# Can anyone date this Cannondale?



## milehi (Nov 2, 1997)

I scored this 14" M200 at a pawn shop for $50. They were asking $65 but I showed them that the "front sprocket" (BB) was loose and it needed a front tube. It's pretty much in mint condition. It has Shimano Altus components with Grip Shift 7 speed shifters. The head tube is 1". I think this bike is from the year that Cannondale started selling bikes in big box retail stores and was blackballed from independent bike dealers(at least mine.) So...1997 maybe? Thanks.


----------



## felixdelrio (May 27, 2006)

definetely 1996


----------



## grawbass (Aug 23, 2004)

$65 at a pawn shop? Luuucky! Around here that would have been $200 at a pawn shop.


----------



## ScottyMTB (Oct 26, 2005)

Your kid will love it.


----------



## DeeEight (Jan 13, 2004)

Its funny, i've looked in MBA AND Mountain Biking Buyers guides for 1993, 94, 95 and 96 and there's no M200 model in any of them.


----------



## Shayne (Jan 14, 2004)

*M200 SE and LE in 96*

Although they have the LE and SE decals as well. One of them was offered in this green paint scheme.
Frame is deffinately prior to '97 with that headtube decale


----------



## ssmike (Jan 21, 2004)

DeeEight said:


> Its funny, i've looked in MBA AND Mountain Biking Buyers guides for 1993, 94, 95 and 96 and there's no M200 model in any of them.

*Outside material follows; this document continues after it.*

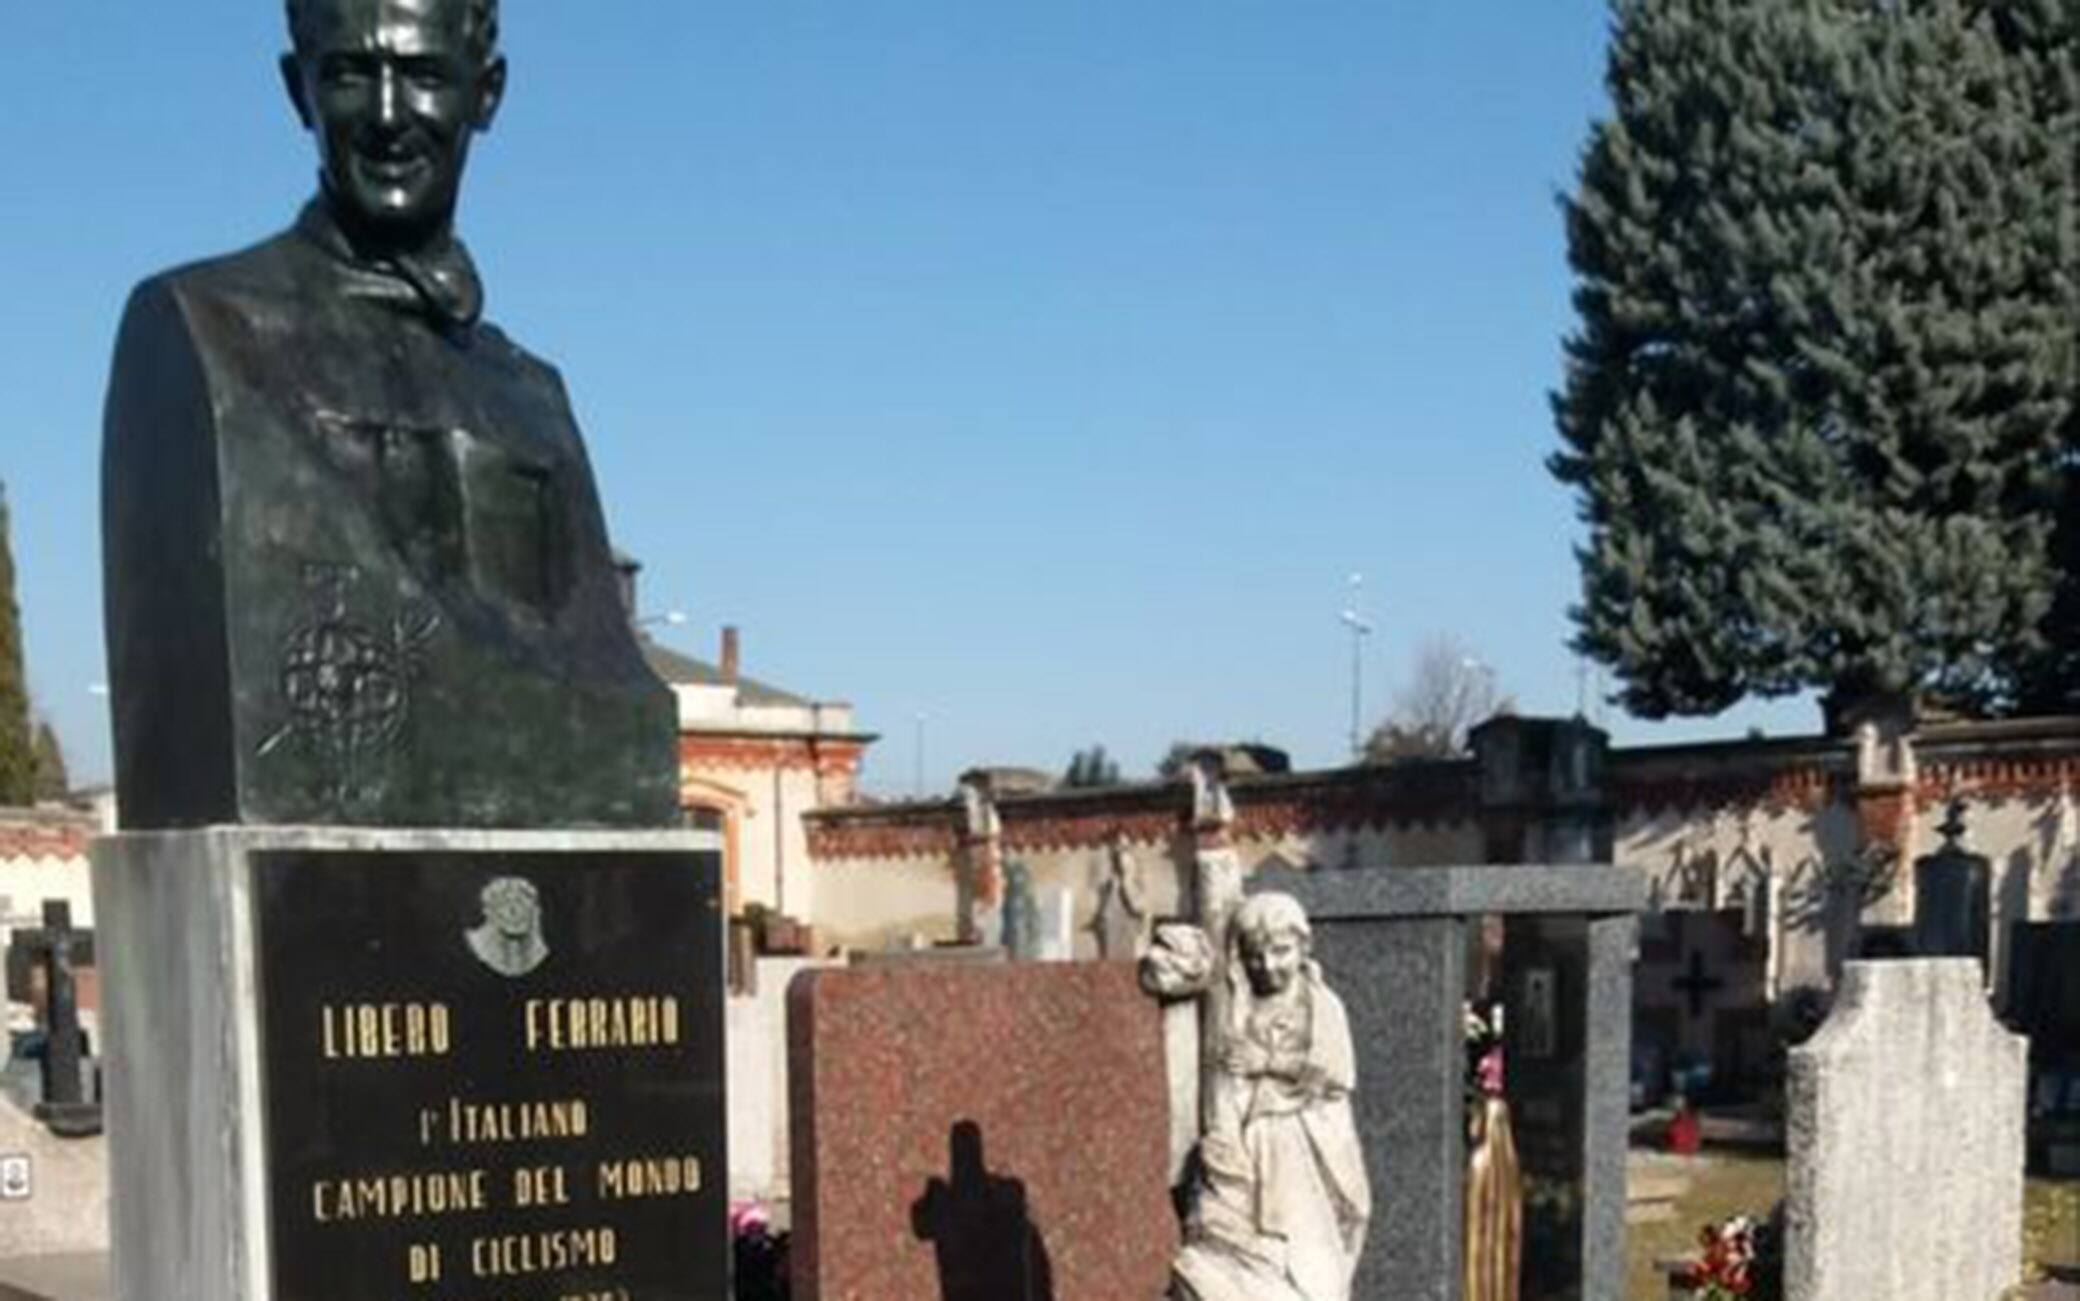 La statua di bronzo sulla tomba di Libero Ferrario nel cimitero di Parabiago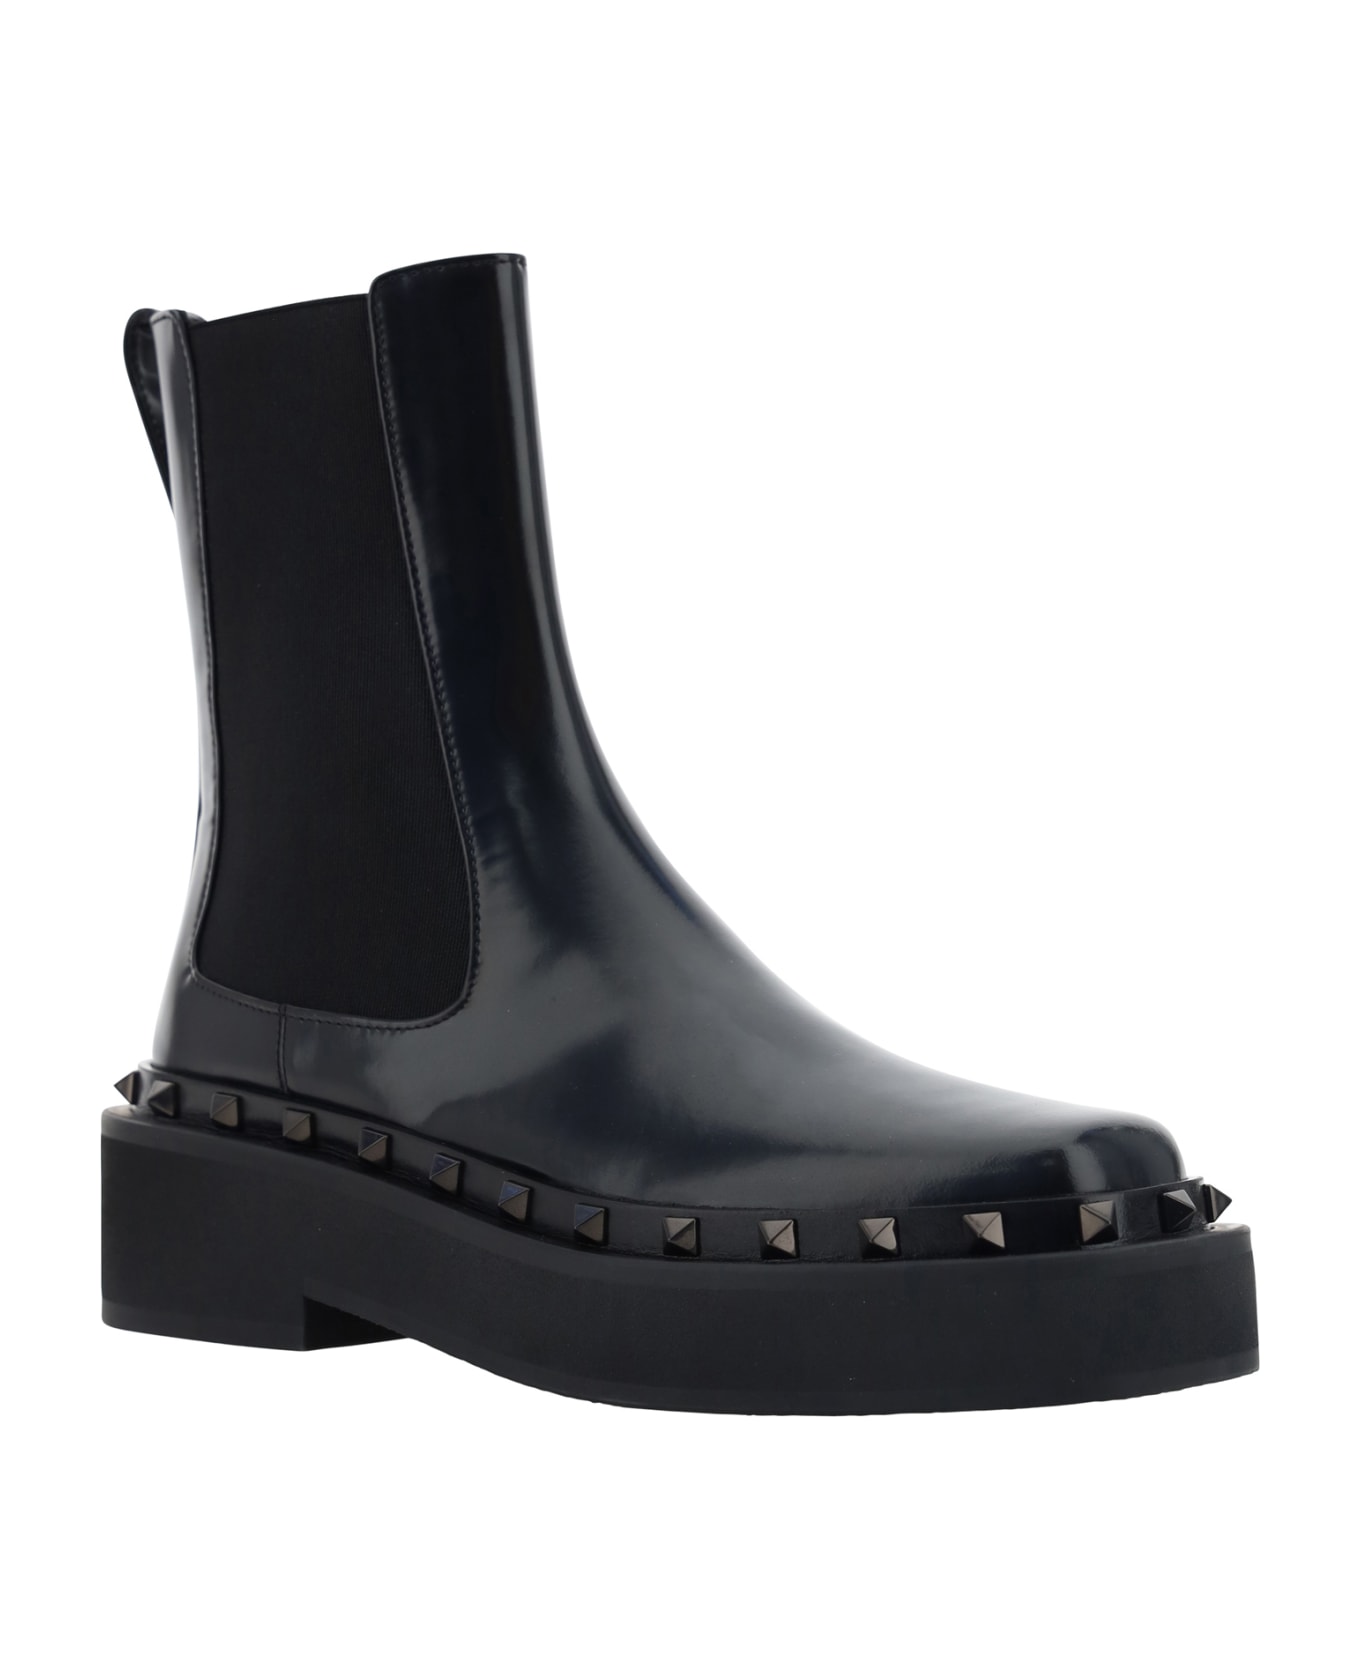 Valentino Garavani Garavani Rockstud M-way Boots - Black ブーツ

Yeah, that cracked me up too. Those buyer's guides are notorious for errors and omissions. They only print what manufacturers send them - which many times is only middle to higher end bikes.


----------



## Rumpfy (Dec 21, 2003)

DeeEight said:


> Its funny, i've looked in MBA AND Mountain Biking Buyers guides for 1993, 94, 95 and 96 and there's no M200 model in any of them.


Then it must not exist.


----------



## bidaci (Nov 7, 2005)

Here is a link to the 1996 Cannondale website http://web.archive.org/web/19961018125855/www.cannondale.com/html/products/mountain_bikes.html

The 200LE is listed a being avaiable in Moss Green.


----------



## ThatHurt (Jan 16, 2004)

If you still want more evidence, send Cannondale your serial number. Sent my in for my '89 Red Shred and they send a copy of the catalog and specs for it.


----------



## AlliKat (Apr 28, 2006)

I would have said 95 or 96.


----------